ANTIDEPRESIVOS EN AUMENTO: EPIDEMIA POST-PANDEMIA
¿Qué nos está diciendo el aumento en las recetas de antidepresivos?
Desde el inicio de la pandemia de COVID-19, los efectos sobre nuestra salud física han estado en el centro de atención. Pero poco a poco, otro impacto ha ido ganando visibilidad: el daño a nuestra salud mental. En un reciente estudio realizado en el País Vasco, investigadores analizaron la evolución de las nuevas recetas de antidepresivos entre 2018 y 2024, abarcando el periodo previo, durante y posterior a la pandemia.
El hallazgo es claro y preocupante: el número de personas que comenzaron a tomar antidepresivos aumentó durante la pandemia y creció aún más una vez que esta terminó.

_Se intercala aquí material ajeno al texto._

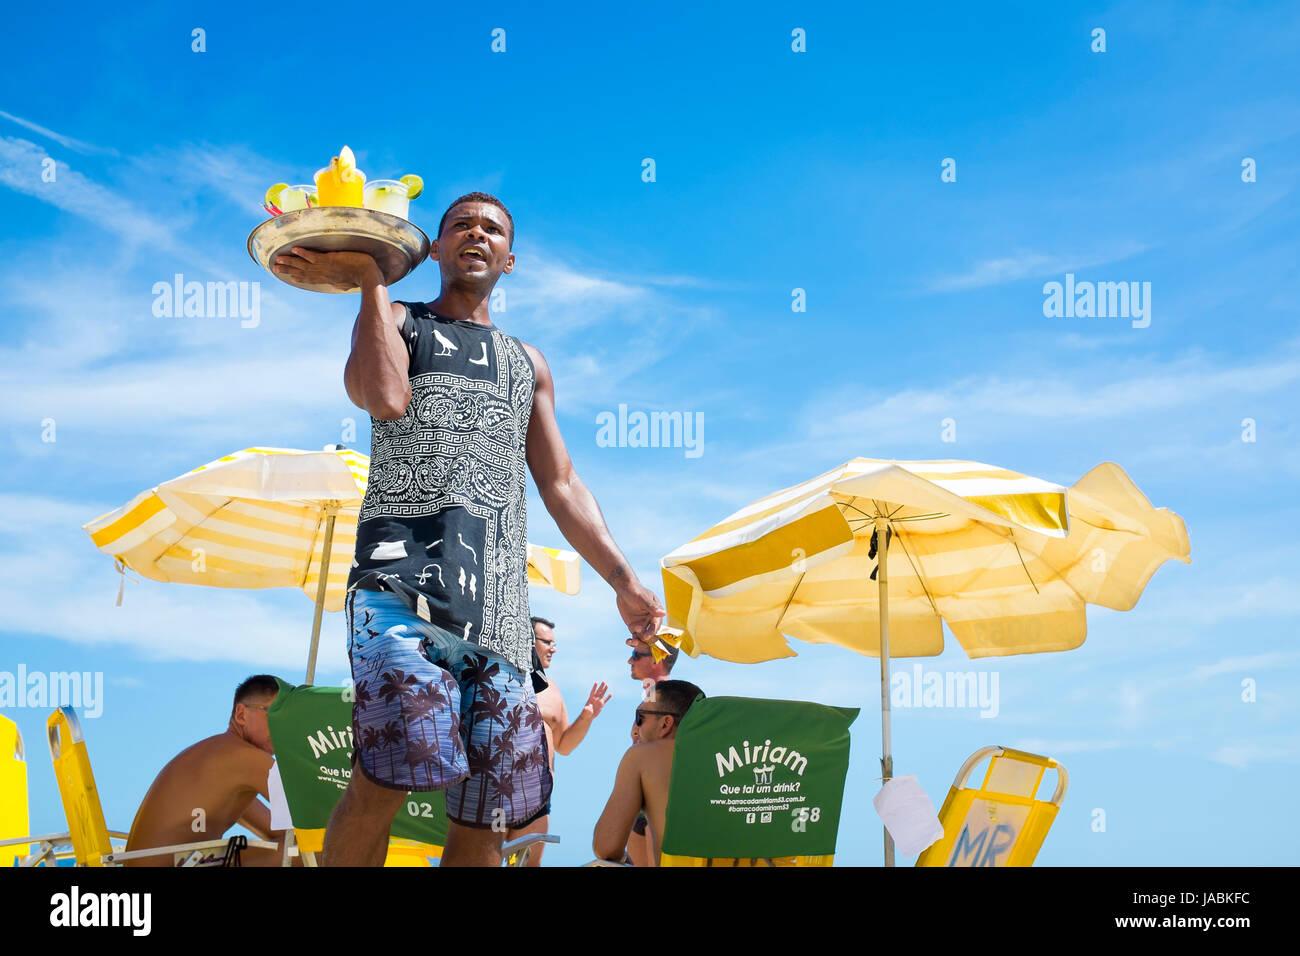 RIO DE JANEIRO - FEBRUARY 16, 2017: A beach vendor selling caipirinhas calls out to potential customers on Ipanema - Stock Image

El fenómeno afecta a todas las edades y sexos, aunque con algunas particularidades interesantes que analizaremos en esta entrada.
UN antes y UN después
Este estudio analizó datos reales del sistema público de salud en una población de unas 130.000 personas en el norte de España. Se dividieron los datos en tres periodos:
- Pre-pandemia (marzo 2018 - febrero 2020)
- Pandemia (marzo 2020 - febrero 2022)
- Post-pandemia (marzo 2022 - febrero 2024)
Se consideraron únicamente las nuevas recetas, es decir, personas que no habían recibido antidepresivos en el año anterior. La idea era detectar cuándo y cómo aparecían nuevos casos de síntomas depresivos que derivaban en medicación.
¿El resultado? Durante la pandemia, las recetas aumentaron un 4%. Pero en el periodo posterior, el crecimiento fue del 28% respecto al periodo anterior. En otras palabras, los problemas de salud mental no terminaron con el confinamiento: parece que muchas personas comenzaron a sufrir emocionalmente incluso cuando la vida ya había retomado cierta normalidad.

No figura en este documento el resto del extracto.